- _Records from a dataset_:
- Opening Delimiter -

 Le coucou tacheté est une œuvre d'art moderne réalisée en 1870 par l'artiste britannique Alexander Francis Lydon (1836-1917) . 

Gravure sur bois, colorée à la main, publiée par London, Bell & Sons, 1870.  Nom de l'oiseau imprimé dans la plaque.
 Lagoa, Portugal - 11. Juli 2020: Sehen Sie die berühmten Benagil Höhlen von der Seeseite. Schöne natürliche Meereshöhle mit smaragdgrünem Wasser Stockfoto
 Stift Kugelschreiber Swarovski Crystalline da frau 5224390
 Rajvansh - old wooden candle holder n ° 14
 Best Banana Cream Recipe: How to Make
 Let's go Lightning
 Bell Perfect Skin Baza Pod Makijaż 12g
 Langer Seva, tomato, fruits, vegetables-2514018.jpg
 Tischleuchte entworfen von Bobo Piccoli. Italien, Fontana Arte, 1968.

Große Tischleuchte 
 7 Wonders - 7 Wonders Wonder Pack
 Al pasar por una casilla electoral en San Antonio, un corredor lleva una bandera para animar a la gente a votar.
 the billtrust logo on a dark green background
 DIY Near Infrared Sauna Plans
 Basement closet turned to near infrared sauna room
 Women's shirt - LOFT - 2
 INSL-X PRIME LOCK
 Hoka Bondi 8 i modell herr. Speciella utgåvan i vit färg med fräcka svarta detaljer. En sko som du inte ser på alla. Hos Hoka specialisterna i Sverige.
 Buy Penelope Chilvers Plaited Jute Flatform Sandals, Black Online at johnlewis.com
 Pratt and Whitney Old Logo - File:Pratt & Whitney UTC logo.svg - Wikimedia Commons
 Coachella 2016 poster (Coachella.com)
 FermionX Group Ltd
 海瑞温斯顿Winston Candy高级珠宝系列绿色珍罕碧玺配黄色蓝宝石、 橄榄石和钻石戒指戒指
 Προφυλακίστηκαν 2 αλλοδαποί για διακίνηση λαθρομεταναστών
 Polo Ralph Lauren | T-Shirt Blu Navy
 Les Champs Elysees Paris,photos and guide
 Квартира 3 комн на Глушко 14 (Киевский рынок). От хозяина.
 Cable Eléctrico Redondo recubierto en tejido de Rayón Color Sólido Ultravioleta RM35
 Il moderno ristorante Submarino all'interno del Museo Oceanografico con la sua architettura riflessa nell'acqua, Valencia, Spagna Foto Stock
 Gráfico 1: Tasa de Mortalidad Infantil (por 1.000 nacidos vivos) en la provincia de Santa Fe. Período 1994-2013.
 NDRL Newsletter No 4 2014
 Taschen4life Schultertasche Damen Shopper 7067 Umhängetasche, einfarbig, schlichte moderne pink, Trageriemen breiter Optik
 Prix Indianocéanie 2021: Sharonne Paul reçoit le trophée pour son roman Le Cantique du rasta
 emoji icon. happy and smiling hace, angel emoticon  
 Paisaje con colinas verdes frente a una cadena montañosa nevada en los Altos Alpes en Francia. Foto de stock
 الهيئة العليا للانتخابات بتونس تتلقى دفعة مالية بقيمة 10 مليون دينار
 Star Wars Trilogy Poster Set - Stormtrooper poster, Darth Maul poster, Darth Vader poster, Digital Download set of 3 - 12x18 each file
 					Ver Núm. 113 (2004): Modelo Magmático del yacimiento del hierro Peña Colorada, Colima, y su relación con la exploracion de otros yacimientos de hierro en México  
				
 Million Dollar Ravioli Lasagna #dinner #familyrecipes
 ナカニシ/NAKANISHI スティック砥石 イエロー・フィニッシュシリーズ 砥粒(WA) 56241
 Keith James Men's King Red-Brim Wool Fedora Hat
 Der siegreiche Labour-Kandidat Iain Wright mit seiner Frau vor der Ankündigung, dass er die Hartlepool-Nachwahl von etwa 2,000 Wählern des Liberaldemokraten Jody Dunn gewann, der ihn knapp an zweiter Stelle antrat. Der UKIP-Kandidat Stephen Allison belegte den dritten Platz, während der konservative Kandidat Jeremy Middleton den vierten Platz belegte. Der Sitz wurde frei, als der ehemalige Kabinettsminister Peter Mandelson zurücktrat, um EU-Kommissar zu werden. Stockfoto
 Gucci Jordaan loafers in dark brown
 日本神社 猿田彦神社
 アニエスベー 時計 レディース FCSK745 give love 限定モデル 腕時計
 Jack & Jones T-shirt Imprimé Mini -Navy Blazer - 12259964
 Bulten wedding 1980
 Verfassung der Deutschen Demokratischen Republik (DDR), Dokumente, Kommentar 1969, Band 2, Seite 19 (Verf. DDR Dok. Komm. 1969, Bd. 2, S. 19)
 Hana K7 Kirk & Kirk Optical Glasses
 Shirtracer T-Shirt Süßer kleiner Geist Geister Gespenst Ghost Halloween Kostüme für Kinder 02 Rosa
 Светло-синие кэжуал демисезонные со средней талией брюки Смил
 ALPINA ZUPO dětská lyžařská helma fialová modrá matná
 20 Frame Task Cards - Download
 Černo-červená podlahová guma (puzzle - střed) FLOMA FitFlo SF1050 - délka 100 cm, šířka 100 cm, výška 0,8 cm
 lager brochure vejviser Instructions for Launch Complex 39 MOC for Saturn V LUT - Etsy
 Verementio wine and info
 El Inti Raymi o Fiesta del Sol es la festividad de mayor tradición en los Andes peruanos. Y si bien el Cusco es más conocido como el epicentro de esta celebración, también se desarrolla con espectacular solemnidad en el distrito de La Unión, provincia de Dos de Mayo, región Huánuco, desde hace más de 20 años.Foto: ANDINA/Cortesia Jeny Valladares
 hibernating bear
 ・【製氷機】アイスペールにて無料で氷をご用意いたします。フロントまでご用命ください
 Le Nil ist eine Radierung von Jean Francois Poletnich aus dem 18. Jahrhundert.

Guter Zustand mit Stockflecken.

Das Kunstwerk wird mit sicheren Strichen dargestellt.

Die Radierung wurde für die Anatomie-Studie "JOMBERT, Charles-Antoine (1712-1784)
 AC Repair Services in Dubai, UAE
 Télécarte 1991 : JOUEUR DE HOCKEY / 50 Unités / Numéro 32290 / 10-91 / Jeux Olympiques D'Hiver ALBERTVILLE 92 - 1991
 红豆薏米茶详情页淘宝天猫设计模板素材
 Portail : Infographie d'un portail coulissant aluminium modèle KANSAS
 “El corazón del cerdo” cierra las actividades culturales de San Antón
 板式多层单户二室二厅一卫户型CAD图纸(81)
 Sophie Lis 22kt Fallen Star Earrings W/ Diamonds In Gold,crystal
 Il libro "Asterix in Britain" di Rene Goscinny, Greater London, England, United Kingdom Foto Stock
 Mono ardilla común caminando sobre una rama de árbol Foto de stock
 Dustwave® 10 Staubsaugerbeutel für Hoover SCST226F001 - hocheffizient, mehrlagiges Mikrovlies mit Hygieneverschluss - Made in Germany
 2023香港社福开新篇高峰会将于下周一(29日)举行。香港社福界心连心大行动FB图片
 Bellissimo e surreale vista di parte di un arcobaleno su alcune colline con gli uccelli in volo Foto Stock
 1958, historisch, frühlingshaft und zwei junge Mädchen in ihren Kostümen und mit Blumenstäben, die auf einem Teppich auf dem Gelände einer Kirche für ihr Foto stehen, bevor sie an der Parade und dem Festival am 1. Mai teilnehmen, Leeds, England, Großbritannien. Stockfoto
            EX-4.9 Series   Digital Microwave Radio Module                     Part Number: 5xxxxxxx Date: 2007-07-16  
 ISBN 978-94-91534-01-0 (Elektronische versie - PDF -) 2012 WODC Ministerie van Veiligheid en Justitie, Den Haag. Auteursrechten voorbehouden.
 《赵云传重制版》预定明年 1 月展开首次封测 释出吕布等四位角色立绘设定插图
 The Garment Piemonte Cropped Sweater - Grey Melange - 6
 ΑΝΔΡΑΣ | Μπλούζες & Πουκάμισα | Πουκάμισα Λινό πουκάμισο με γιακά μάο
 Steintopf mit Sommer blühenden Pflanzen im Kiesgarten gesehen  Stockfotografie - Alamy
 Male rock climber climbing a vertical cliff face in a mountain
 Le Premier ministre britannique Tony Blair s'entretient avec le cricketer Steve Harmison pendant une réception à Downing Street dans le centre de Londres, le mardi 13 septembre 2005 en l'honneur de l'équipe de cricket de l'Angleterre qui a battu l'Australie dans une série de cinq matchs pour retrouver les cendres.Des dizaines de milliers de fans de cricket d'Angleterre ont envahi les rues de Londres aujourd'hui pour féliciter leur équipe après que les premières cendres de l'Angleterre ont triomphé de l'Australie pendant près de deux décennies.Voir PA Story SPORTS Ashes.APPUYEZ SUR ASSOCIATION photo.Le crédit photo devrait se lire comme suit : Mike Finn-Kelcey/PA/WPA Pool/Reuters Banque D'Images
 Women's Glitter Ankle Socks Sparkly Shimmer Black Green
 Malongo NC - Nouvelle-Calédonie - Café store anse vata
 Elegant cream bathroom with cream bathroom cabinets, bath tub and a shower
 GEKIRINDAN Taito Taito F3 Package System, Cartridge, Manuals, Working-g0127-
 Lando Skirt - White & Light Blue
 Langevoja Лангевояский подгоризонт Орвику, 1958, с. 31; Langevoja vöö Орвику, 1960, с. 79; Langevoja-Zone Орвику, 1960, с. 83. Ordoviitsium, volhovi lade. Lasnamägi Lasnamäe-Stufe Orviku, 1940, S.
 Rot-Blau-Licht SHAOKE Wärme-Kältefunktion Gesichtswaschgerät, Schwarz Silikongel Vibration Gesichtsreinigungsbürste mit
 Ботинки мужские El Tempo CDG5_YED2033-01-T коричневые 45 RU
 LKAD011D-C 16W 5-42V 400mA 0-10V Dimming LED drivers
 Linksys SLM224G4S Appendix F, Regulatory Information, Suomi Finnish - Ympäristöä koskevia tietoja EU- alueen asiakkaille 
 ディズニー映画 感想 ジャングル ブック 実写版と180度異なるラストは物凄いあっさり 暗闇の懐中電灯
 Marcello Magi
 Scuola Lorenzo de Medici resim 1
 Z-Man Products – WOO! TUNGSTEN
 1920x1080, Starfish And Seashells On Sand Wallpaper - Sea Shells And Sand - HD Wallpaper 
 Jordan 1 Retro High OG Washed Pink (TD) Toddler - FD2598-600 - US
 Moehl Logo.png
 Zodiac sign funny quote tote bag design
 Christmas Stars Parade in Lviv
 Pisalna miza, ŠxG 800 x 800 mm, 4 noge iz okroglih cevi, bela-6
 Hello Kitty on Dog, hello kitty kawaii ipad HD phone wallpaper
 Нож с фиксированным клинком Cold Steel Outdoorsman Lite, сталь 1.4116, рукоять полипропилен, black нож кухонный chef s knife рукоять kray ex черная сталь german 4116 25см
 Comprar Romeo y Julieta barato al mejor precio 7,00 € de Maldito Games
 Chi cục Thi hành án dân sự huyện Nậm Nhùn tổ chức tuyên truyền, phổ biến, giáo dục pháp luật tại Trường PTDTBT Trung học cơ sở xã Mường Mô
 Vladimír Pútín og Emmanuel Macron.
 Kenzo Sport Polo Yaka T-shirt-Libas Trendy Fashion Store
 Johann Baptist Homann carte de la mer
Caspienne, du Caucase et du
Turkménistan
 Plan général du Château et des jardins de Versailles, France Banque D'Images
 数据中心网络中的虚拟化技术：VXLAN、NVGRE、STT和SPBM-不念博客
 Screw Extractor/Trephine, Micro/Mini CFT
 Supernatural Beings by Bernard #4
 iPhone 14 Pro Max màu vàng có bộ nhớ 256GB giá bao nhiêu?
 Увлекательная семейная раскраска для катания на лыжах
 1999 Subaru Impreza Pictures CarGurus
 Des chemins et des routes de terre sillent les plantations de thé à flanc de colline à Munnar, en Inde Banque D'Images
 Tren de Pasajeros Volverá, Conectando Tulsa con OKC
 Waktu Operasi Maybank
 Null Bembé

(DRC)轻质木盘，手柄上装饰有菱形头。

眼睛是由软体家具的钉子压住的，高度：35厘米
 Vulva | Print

- Closing Delimiter -

- _Exercise prompt_:
Please quote nothing but the lines from the line with "LKAD011D-C 16W 5-42V" through the end of the data above, exactly as written, ends included.

- _Exercise answer_:
 LKAD011D-C 16W 5-42V 400mA 0-10V Dimming LED drivers
 Linksys SLM224G4S Appendix F, Regulatory Information, Suomi Finnish - Ympäristöä koskevia tietoja EU- alueen asiakkaille 
 ディズニー映画 感想 ジャングル ブック 実写版と180度異なるラストは物凄いあっさり 暗闇の懐中電灯
 Marcello Magi
 Scuola Lorenzo de Medici resim 1
 Z-Man Products – WOO! TUNGSTEN
 1920x1080, Starfish And Seashells On Sand Wallpaper - Sea Shells And Sand - HD Wallpaper 
 Jordan 1 Retro High OG Washed Pink (TD) Toddler - FD2598-600 - US
 Moehl Logo.png
 Zodiac sign funny quote tote bag design
 Christmas Stars Parade in Lviv
 Pisalna miza, ŠxG 800 x 800 mm, 4 noge iz okroglih cevi, bela-6
 Hello Kitty on Dog, hello kitty kawaii ipad HD phone wallpaper
 Нож с фиксированным клинком Cold Steel Outdoorsman Lite, сталь 1.4116, рукоять полипропилен, black нож кухонный chef s knife рукоять kray ex черная сталь german 4116 25см
 Comprar Romeo y Julieta barato al mejor precio 7,00 € de Maldito Games
 Chi cục Thi hành án dân sự huyện Nậm Nhùn tổ chức tuyên truyền, phổ biến, giáo dục pháp luật tại Trường PTDTBT Trung học cơ sở xã Mường Mô
 Vladimír Pútín og Emmanuel Macron.
 Kenzo Sport Polo Yaka T-shirt-Libas Trendy Fashion Store
 Johann Baptist Homann carte de la mer
Caspienne, du Caucase et du
Turkménistan
 Plan général du Château et des jardins de Versailles, France Banque D'Images
 数据中心网络中的虚拟化技术：VXLAN、NVGRE、STT和SPBM-不念博客
 Screw Extractor/Trephine, Micro/Mini CFT
 Supernatural Beings by Bernard #4
 iPhone 14 Pro Max màu vàng có bộ nhớ 256GB giá bao nhiêu?
 Увлекательная семейная раскраска для катания на лыжах
 1999 Subaru Impreza Pictures CarGurus
 Des chemins et des routes de terre sillent les plantations de thé à flanc de colline à Munnar, en Inde Banque D'Images
 Tren de Pasajeros Volverá, Conectando Tulsa con OKC
 Waktu Operasi Maybank
 Null Bembé

(DRC)轻质木盘，手柄上装饰有菱形头。

眼睛是由软体家具的钉子压住的，高度：35厘米
 Vulva | Print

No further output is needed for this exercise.